Problem to solve. Please write out the whole listing that follows exactly; the pictures stay out.

Given information.

+++

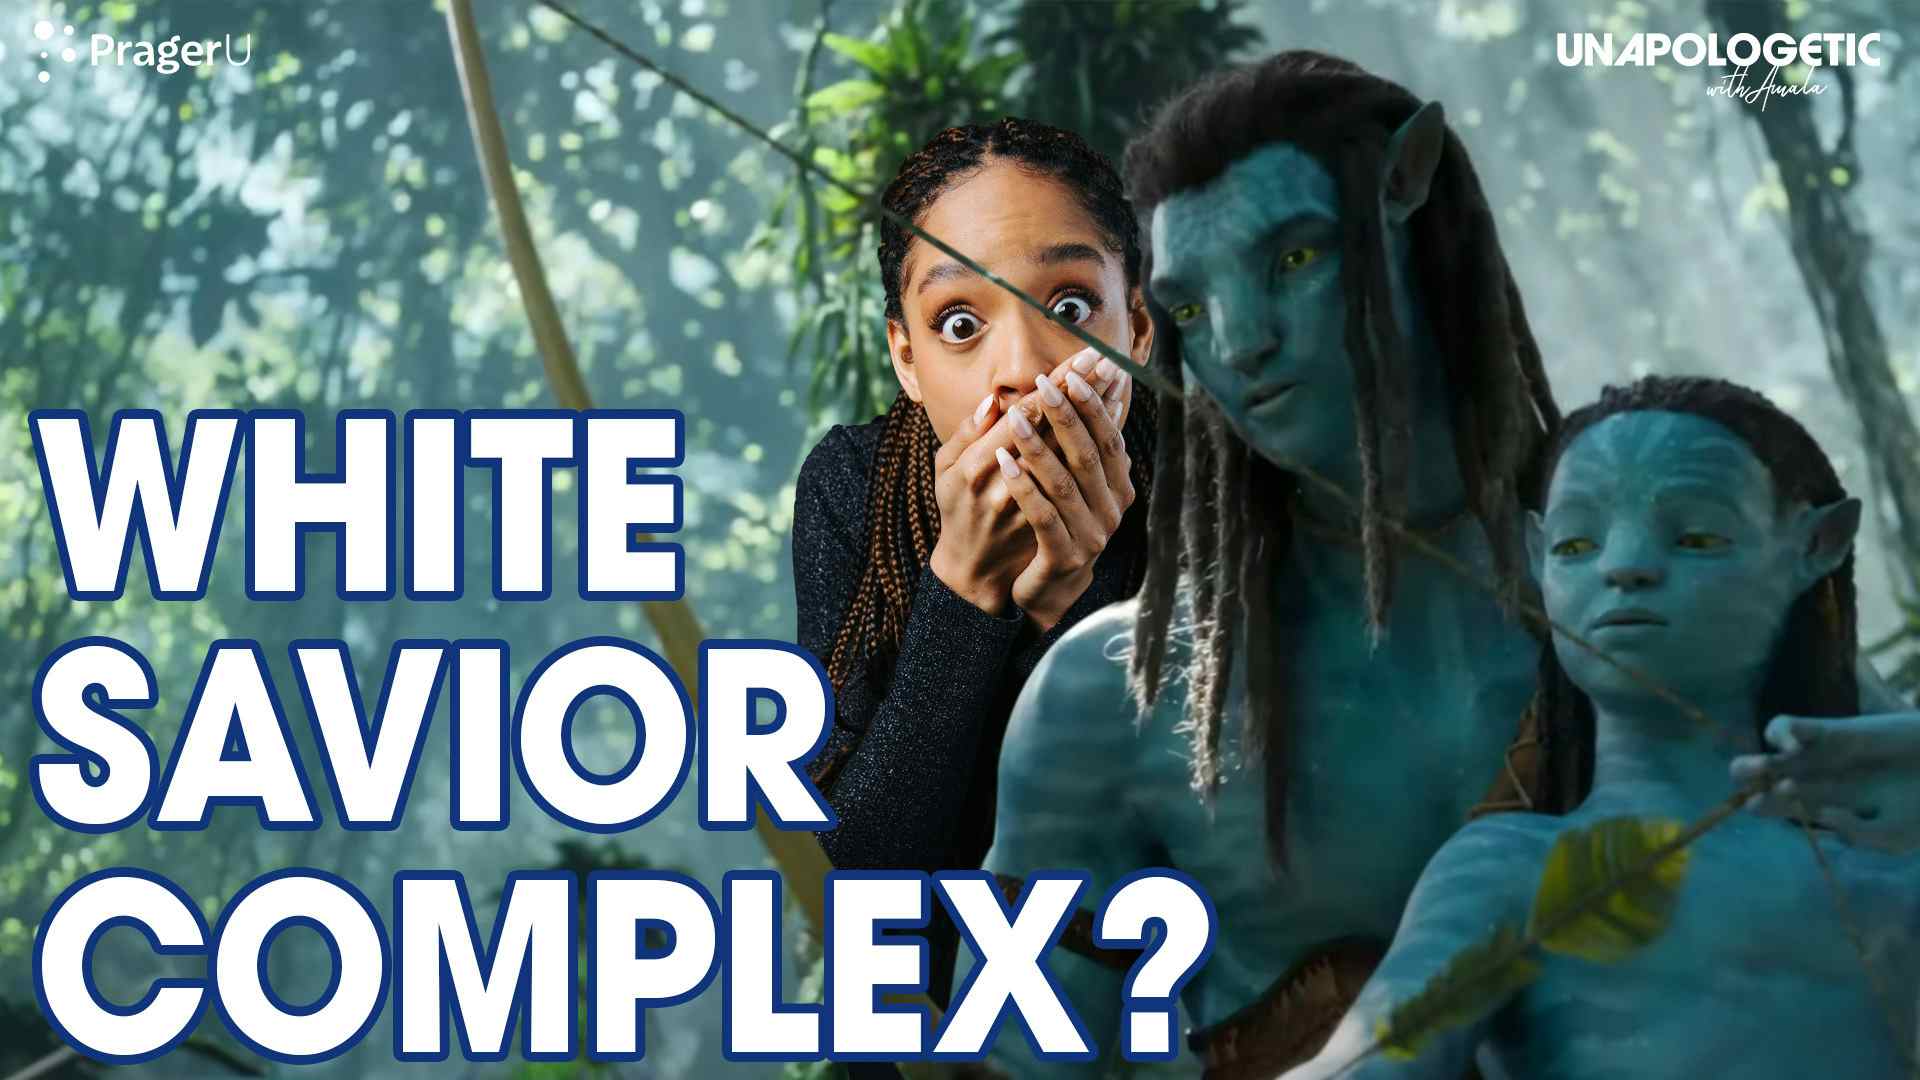 Avatar 2 Called Out for “White Savior Complex” & “Cultural Appropriation”?: 12/22/2022
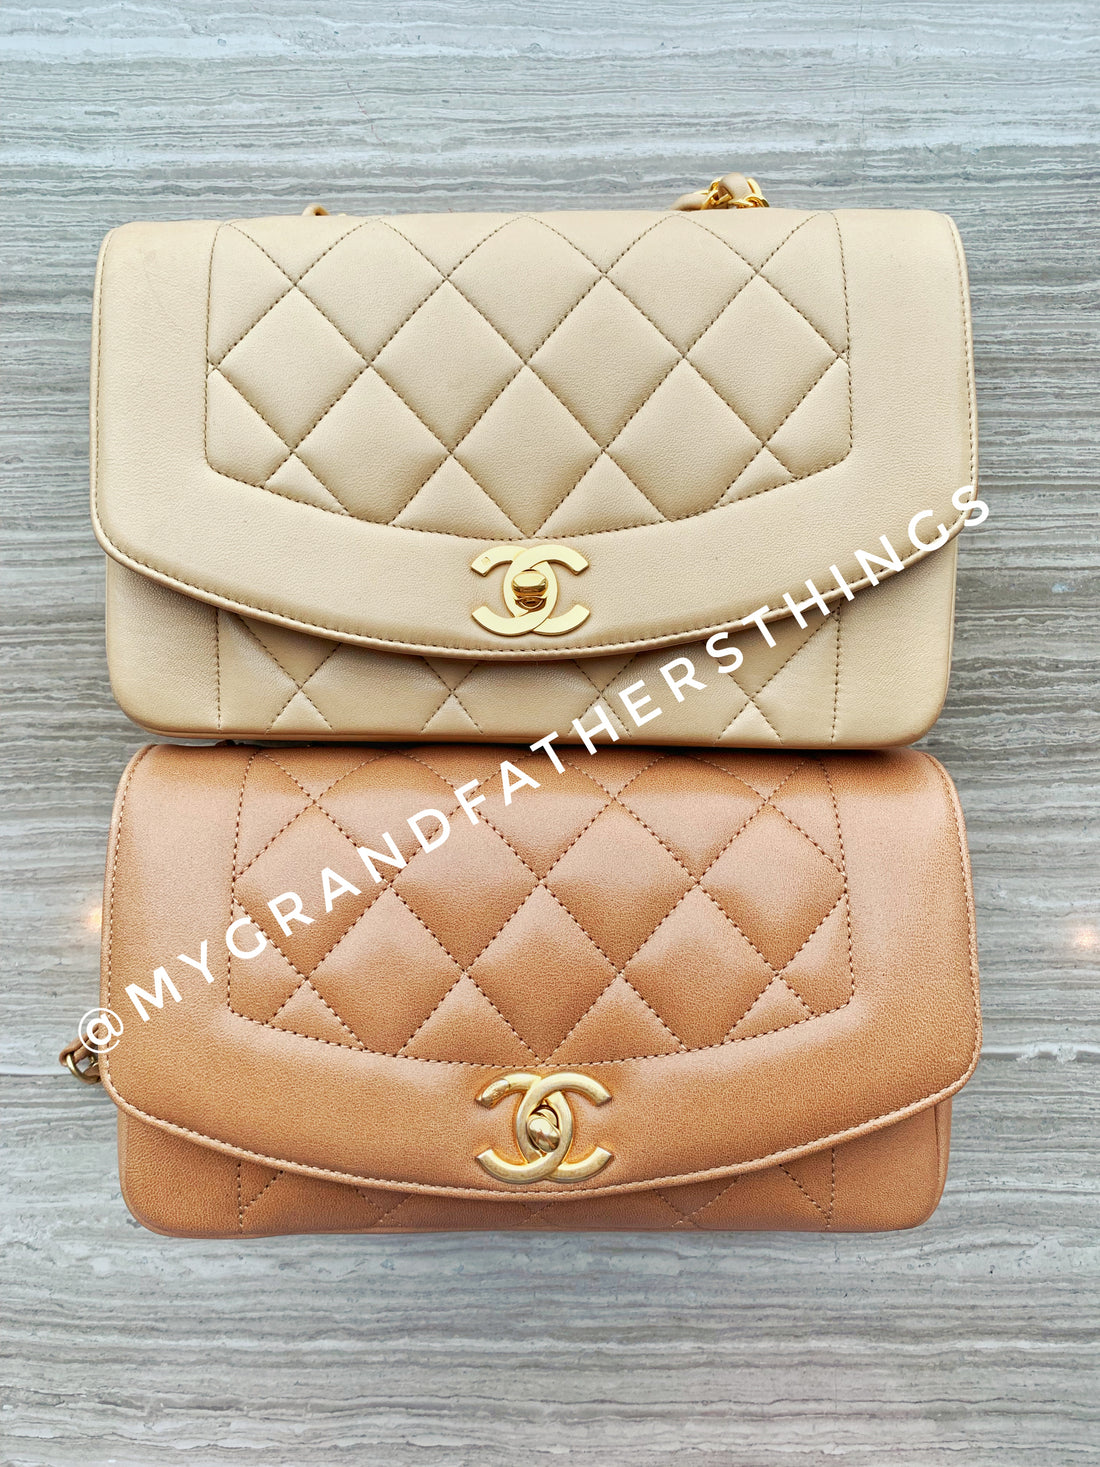 CHANEL Beige Leather Curved Quilted Mini Flap Gold CC Crossbody Shoulder Bag
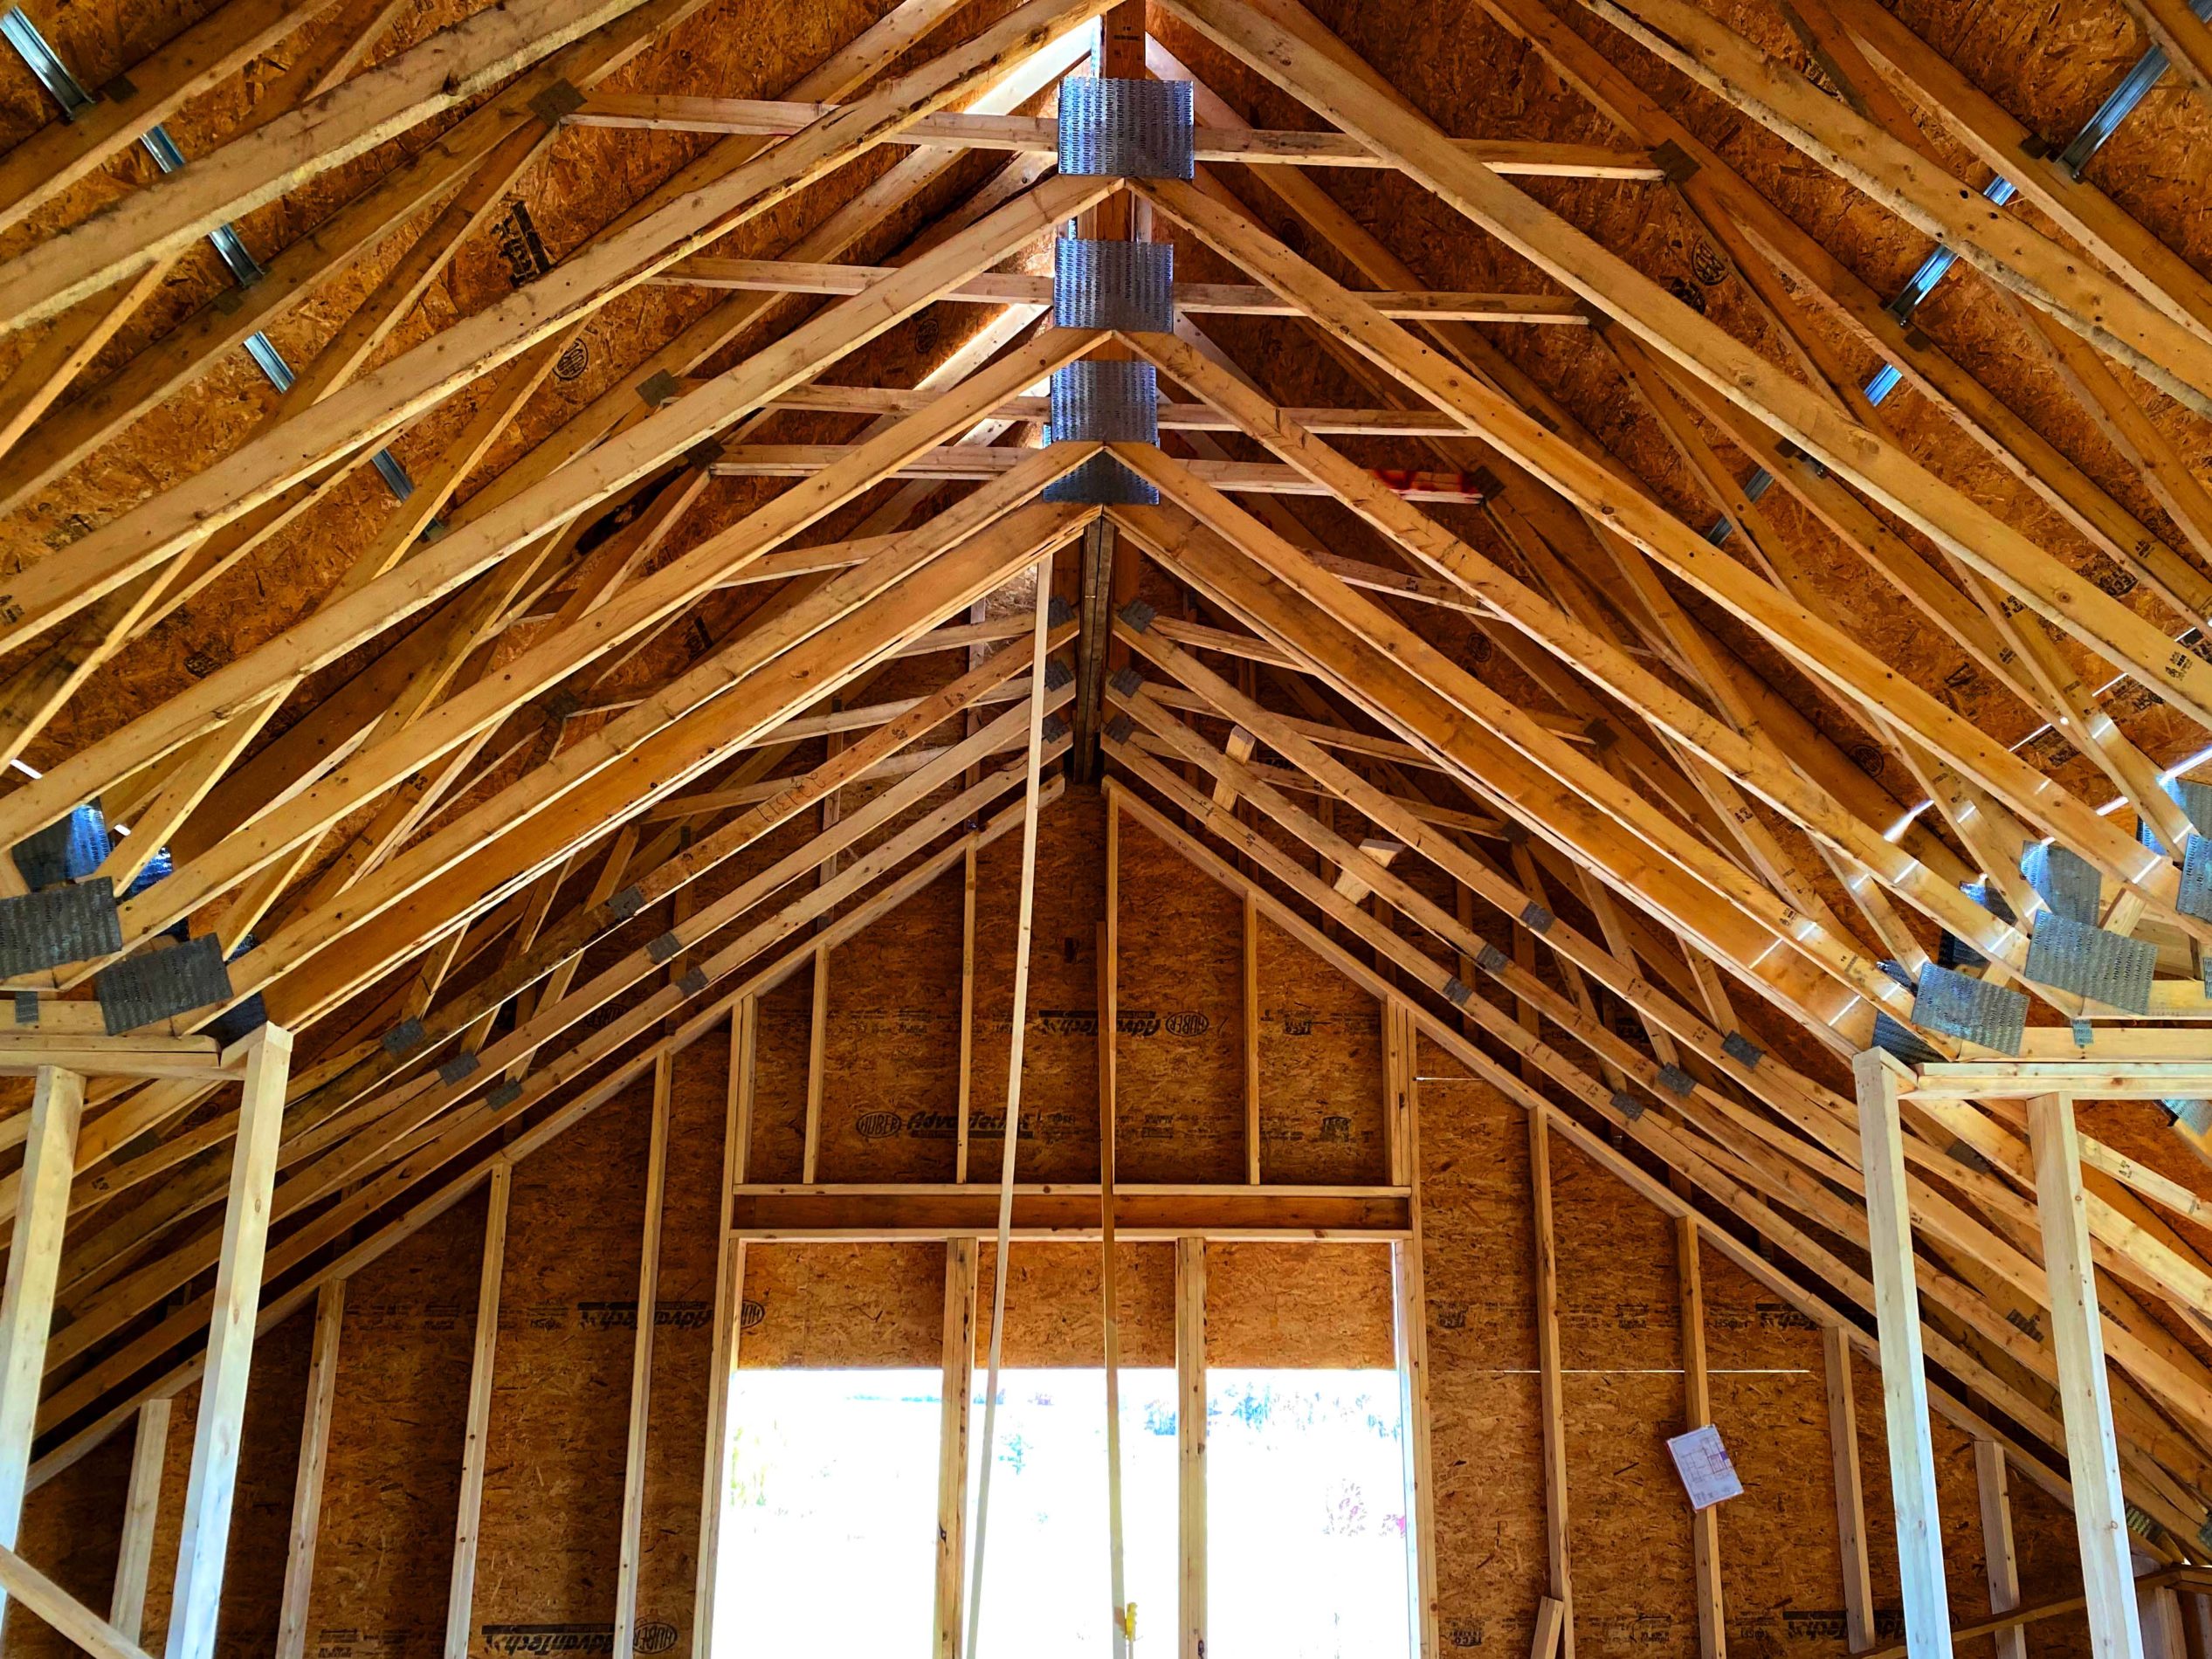 East Coast Radiant Ceiling Project With Sweeney DesignBuild

+++

Result for this exercise.
 Avatar 2 Called Out for “White Savior Complex” & “Cultural Appropriation”?: 12/22/2022
 CHANEL Beige Leather Curved Quilted Mini Flap Gold CC Crossbody Shoulder Bag
 East Coast Radiant Ceiling Project With Sweeney DesignBuild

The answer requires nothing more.